Obviously it’s distressing, but HOW? How would this change my life long term? Short term? Grief is there, of course, but what else? Fear, right? What does that feel like? I mean viscerally, inside my body? Inside my mind? There are a zillion ways to describe it, but I decided to use two things – being lost and not knowing what to do, and cold – the kind of cold inside that you can’t get away from.
Then I went to my go-to online tool, The One Look thesaurus (https://www.onelook.com/thesaurus/), and looked up ‘cold’. Here’s the list:
1. ice-cold 2. gelid 3. frigid 4. frosty 5. acold 6. frore 7. algid 8. parky 9. bleak 10. cool 11. icy 12. wintry 13. chilled 14. freezing 15. intense 16. crisp 17. nippy 18. frigorific 19. dead 20. stone-cold |
21. inhuman 22. inhumane 23. shivery 24. shivering 25. frosted 26. Rimy 27. refrigerant 28. nipping 29. emotionless 30. passionless 31. far 32. cutting 33. snappy 34. perfect 35. insensate 36. rimed 37. unenthusiastic 38. old 39. iced 40. heatless |
41. stale 42. unconscious 43. glacial 44. unloving 45. Arctic 46. raw 47. cold-blooded 48. polar 49. unwarmed 50. unheated 51. common cold 52. low temperature 53. refrigerated 54. chilly 55. warm 56. rainy 57. snowy 58. bloodedness 59. winter 60. damp |
61. foggy 62. windy 63. dark 64. humid 65. swelteringly 66. cloudy 67. muggy 68. blowy 69. drizzly 70. ungenial 71. miserable 72. blistery 73. wintery 74. frostbitten 75. icey 76. slushy 77. unfeeling 78. sleety 79. stormy 80. subzero |
A lot of them didn’t work, but I shortened the list to
Chilled
Icy
Arctic
Glacial
Slushy
Sleety
Those weren’t the exact right shade either, but it got my brain moving in the right direction. I sorted through words in my mind until I found the exact one I was looking for.
Then, I wanted to describe what scrambled, panicky thoughts felt like. You know, when you’re so freaked that you can’t even follow one thought to the end until another takes it’s place.
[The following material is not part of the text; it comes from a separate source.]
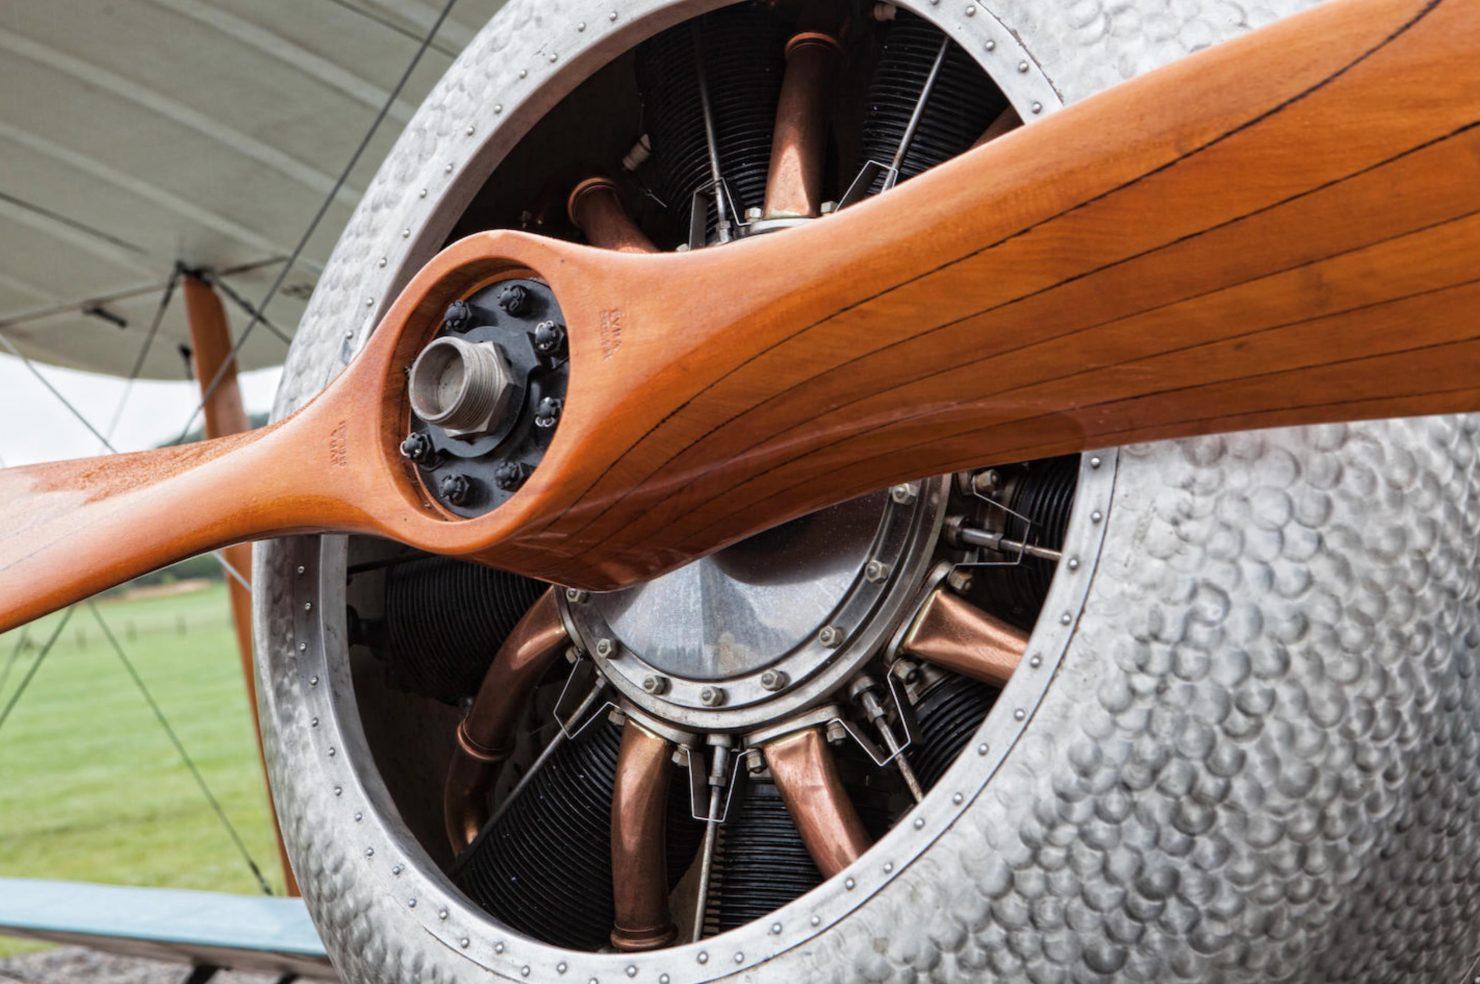 Sopwith Dove 2 1480x984 - Sopwith Dove Biplane

You end up nowhere but exhausted at the end.
This is what I eventually ended up with:
I won’t burden Roger with my anger, and the massive, below-the-surface iceberg of pain. And fear.
The fear is a live thing inside my chest, chewing and tearing, trying to get out. To keep my hands busy, I mindlessly clean while my mind runs mazes of scenarios, each ending in dark, blind alleys that turn my blood to an icy slurry. I back away, only to scurry down another.
Ah. So satisfying.
Love. Love. Love the depth of this blog. Word play is so interesting and important when trying to pull an emotion together.
Thanks Terrie. It’s like the Olympics, right? You see that couple, gliding across the ice, making jumps look effortless.
But learning to do it is anything but effortless.
Finding the right word to convey the emotion to the reader can be a challenge. When I need a certain word, I Goggle words and check the definition. Thanks for giving the link of The One Look thesaurus!
Hope it helps Karen – I keep it open every day when I’m writing!
I love how you paint with words: the emotion, the fear and the joys. The thesaurus is such an amazing little book. I carried one with me constantly in college. Now, it’s on my phone. Happy Writing.
Thanks, Nancy. The internet is a time sink, but man, I love the benefits.